Dozens of listings pulled from internet

SINCE THE city got tough about stopping homeowners from renting out their houses to vacationers, dozens have removed their listings from VRBO.com and similar websites — and six have put their homes on the market — city attorney Glen Mozingo told The Pine Cone this week.

In July, the city signed a contract with a company called Host Compliance that tracks short- term-rental listings on numerous websites and has been compiling the information for the city, so officials can go after the owners. Renting a home in the residential district to anyone for a period shorter than 30 days is against the law in Carmel, but the ordinance had gone largely unenforced for years.

“The comprehensive review of the websites indicates a lot of listings have been removed,” planning director Marc Wiener said Wednesday. “It looked like from what I saw, it’s down to being the range of 50 to 70 short-term-rental listings, total, which I think is pretty good compared to when we first started looking into this a couple of years ago.”

Mozingo said that in the past 65 days, 129 rentals have disappeared from the websites, and he suspects that’s due in part to the publicity surrounding the couple who was sued by the city for refusing to stop using their house as a short-term rental, and eventually settled.

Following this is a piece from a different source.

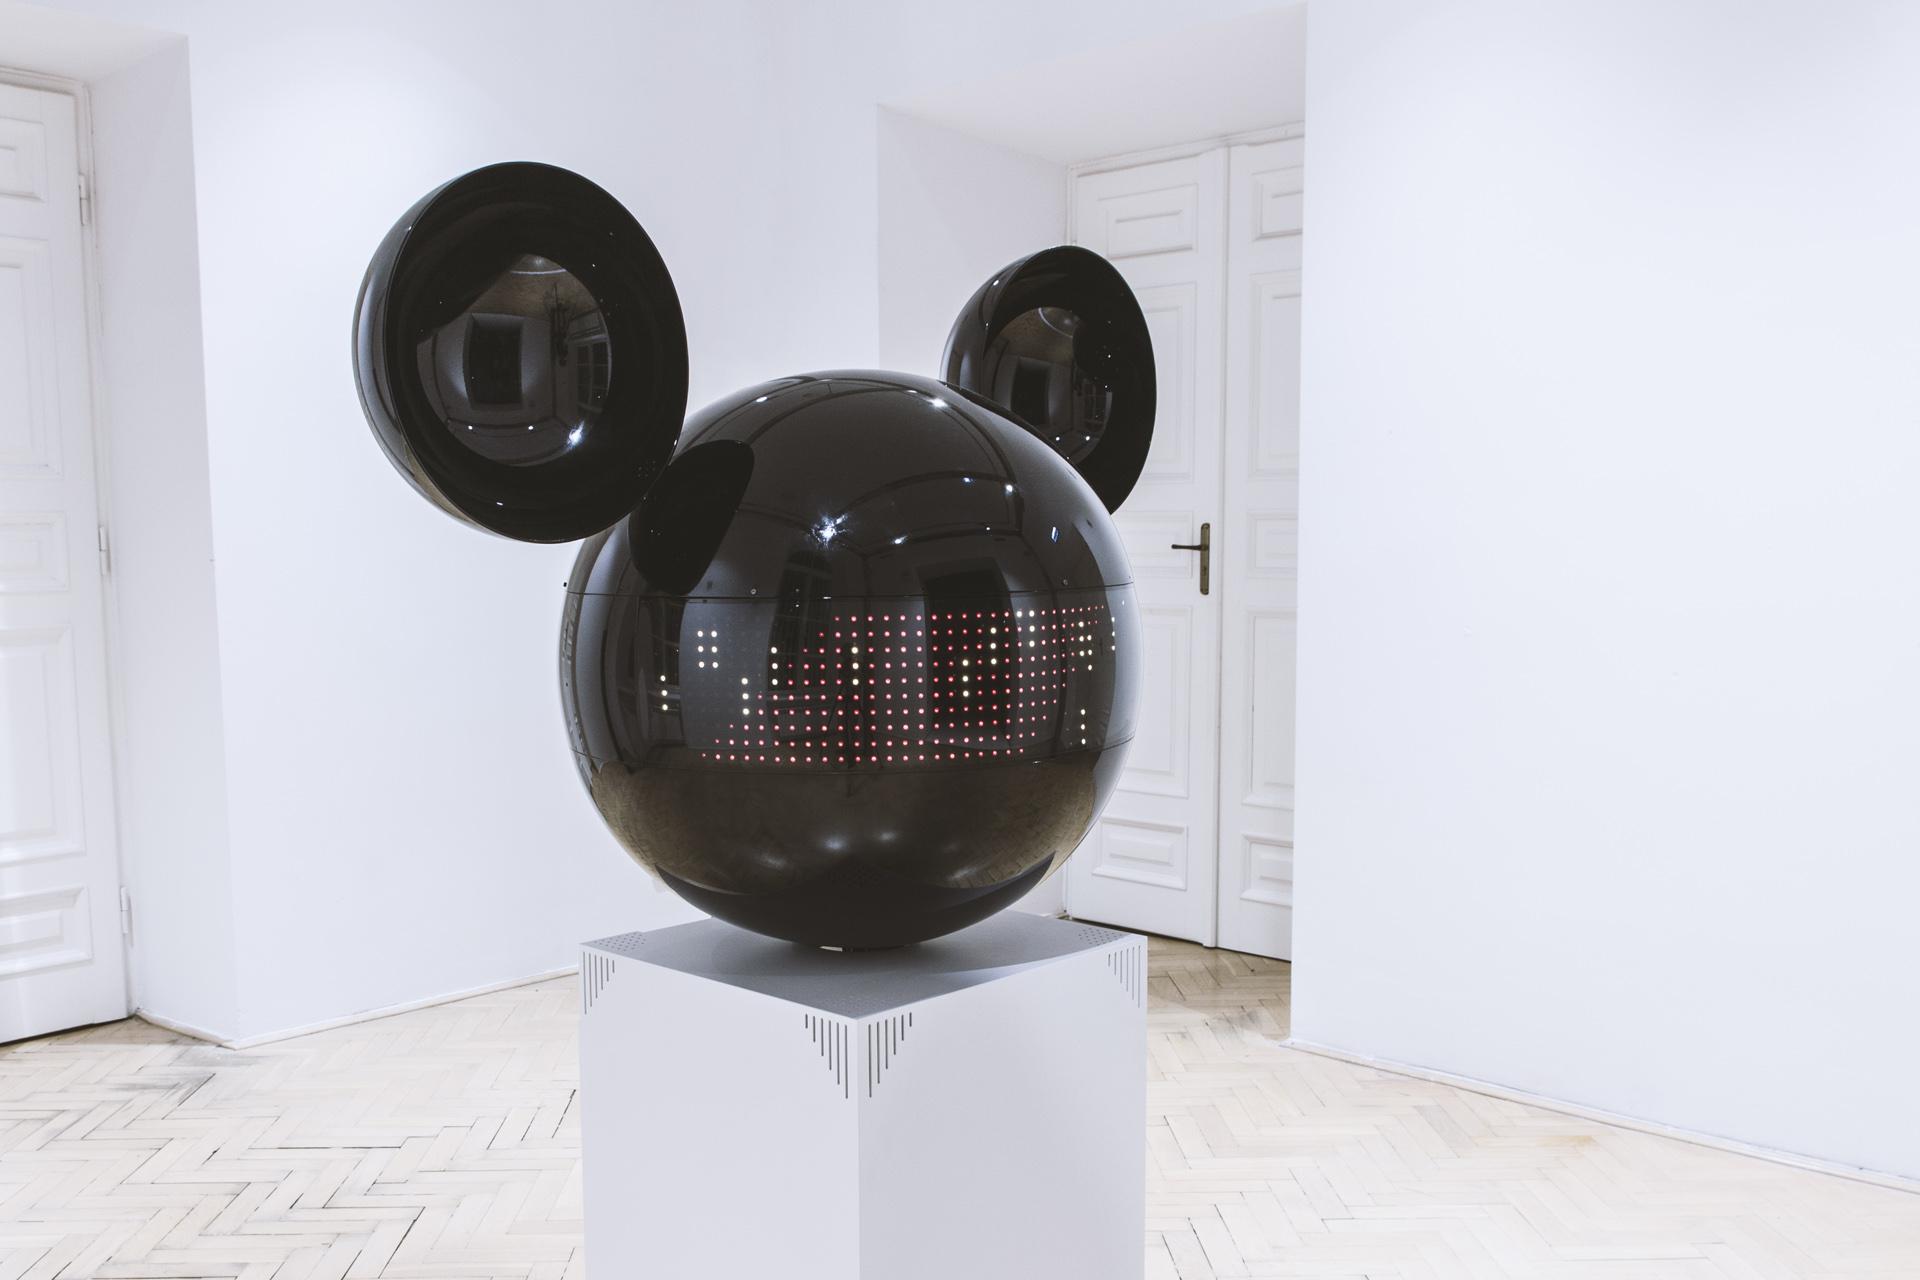 Mickeyphon_panGenerator (1)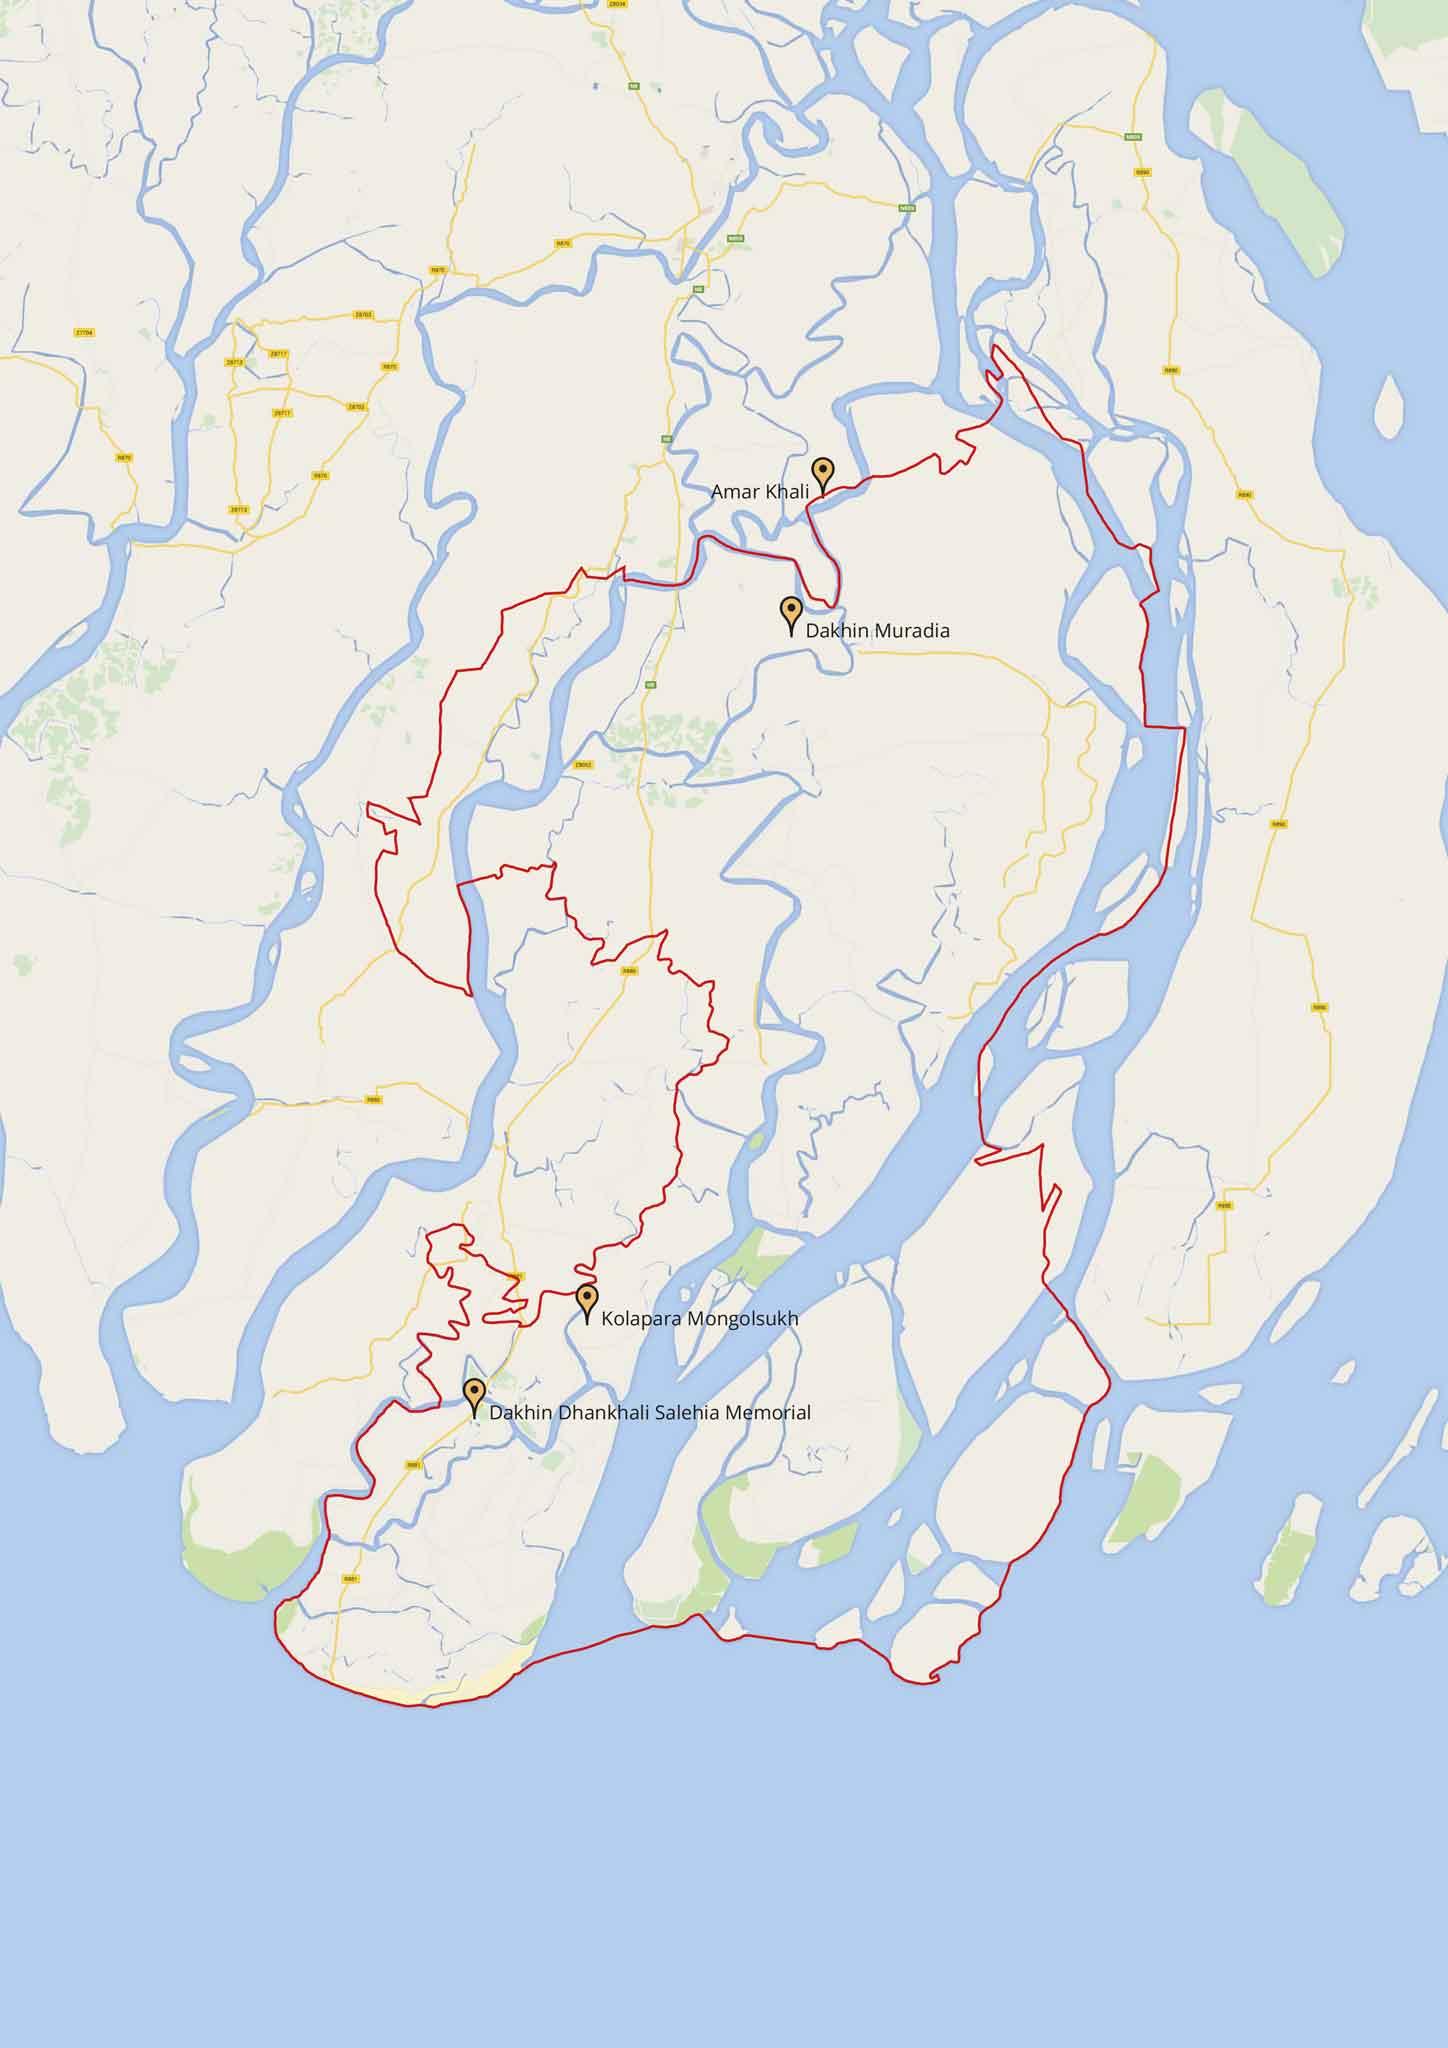 Sites visited

“Apparently my comments at city council have had some effect,” he continued. “Then there are letters that have gone out from our compliance officer showing we know they are engaging in that activity, and that they are to cease and desist, refund money given for any pending transactions, withdraw all advertising or promotion regarding availability of the property, and meet with the city attorney to discuss fees that should have been collected.”

Through Nov. 15, Mozingo is offering a “partial amnesty,” in which homeowners who were illegally renting out their properties for short stays can avoid paying the fees, fines and penalties, though they’ll still have to write a check for the 10 percent transient occupancy tax that hotels pay. (TOT is the single largest source of revenue for the general fund, and the 2017-2018 budget estimates the amount will exceed $6.2 million out of total revenues of $21.9 million by the time the fiscal year ends on June 30, 2018.)

Amnesty ending

Mozingo said there are 49 illegal listings, with another 32 that are suspected but need more research to confirm. Short- term rentals in the commercial zones are legal.

Of those that have removed their listings, seven have come forward seeking amnesty — and have agreed to provide all their numbers so the taxes can be tabulated — while many others have simply vanished.

“Some of them are just taking off and disappearing and hoping we don’t follow up,” he said. “Our intention is to follow up on all of them.”

And after Nov. 15, the owners will be on the hook not just for the back taxes for up to four years, but for all the fines, fees and penalties, too.

“The whole theme was to gain the community’s cooperation and compliance. The law has been on the books for 27 years but never really been enforced until now,” Mozingo said. “We’re very pleased with the response, and we will continue to monitor and take enforcement steps to ensure this activity is terminated and won’t be repeated.”